Rates had ticked up early in the day after a report showed new claims for unemployment benefits fell more than expected last week. It was the first weekly decline in first-time claims for jobless benefits after three weeks of increases.

The yield on the 10-year Treasury note was at 2.52 percent Thursday afternoon. It had fallen as low as 2.49 percent before the unemployment report on lingering worries about the economy. That rate helps determine interest rates on mortgages and other consumer loans.

The price for 10-year notes maturing in August 2020 rose 21.875 cents to $100.969.

Bond and stock investors were hesitant to make big moves late in the day because they want to know what Bernanke has to say about the economy. Many economic reports in recent months have suggested that the economy is slowing down.

Bernanke’s more cautious tone in recent comments has added to uncertainty about growth. That has kept bond yields hovering around their lowest levels since early 2009, when the economy was in the depths of a recession.

Bond yields frequently fall and prices rise when traders aren’t certain about future growth. Bonds offer investors a relatively safe alternative to stocks. They won’t necessarily provide the potential return that stocks do, but they also have less risk for loss.

An auction for seven-year notes indicated there is still plenty of demand for Treasurys even with yields so low. The government easily auctioned $29 billion in seven-year notes Thursday.

The bid-to-cover ratio, a measure of demand, was 2.98, higher than in recent auctions for notes with the same maturity length.

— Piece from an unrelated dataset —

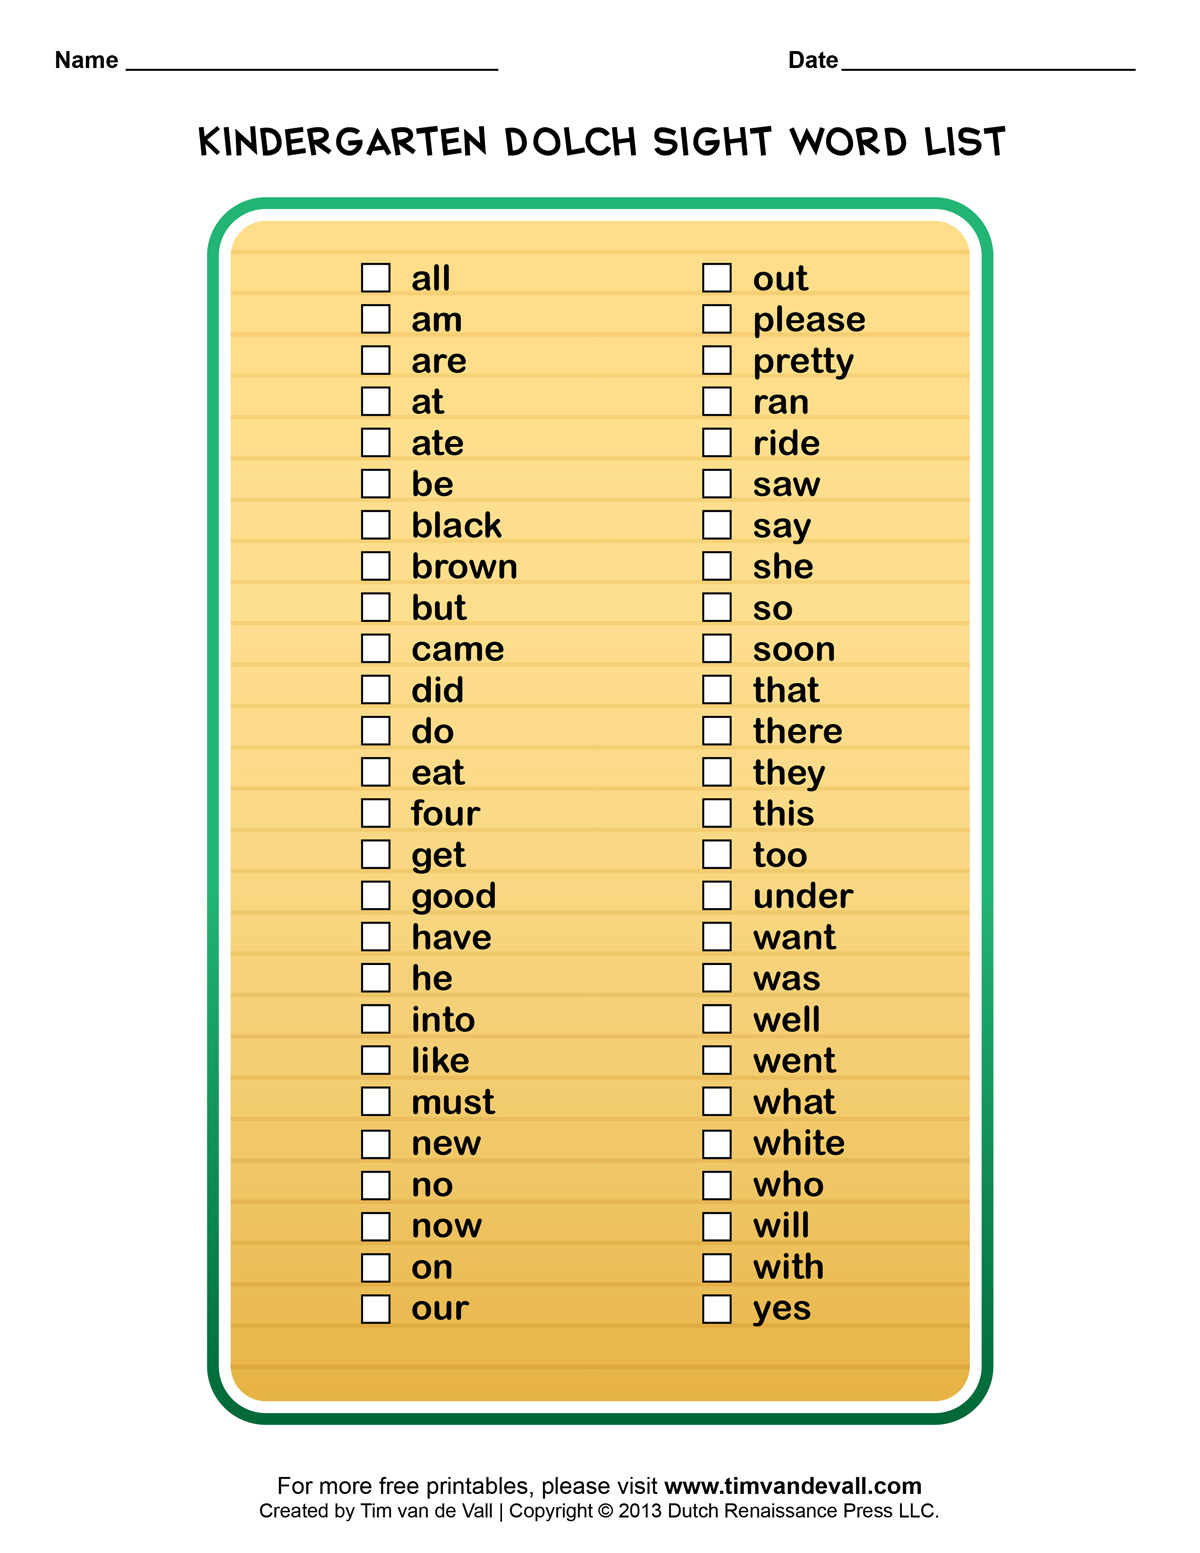 dolch-words-printable-list

The yield on previously issued seven-year notes that mature in July 2017 fell to 1.96 percent from 1.99 percent late Wednesday. The price of the seven-year note rose 15.625 cents to $102.688.

In other trading, the yield on the two-year note maturing in July 2012 was unchanged at 0.53 percent as its price held steady at $99.688.

The price on the 30-year bond that matures in August 2040 rose 43.75 cents to $105.938, pushing its yield down to 3.55 percent from 3.57 percent.

The yield on the three-month bill was unchanged at 0.15 percent.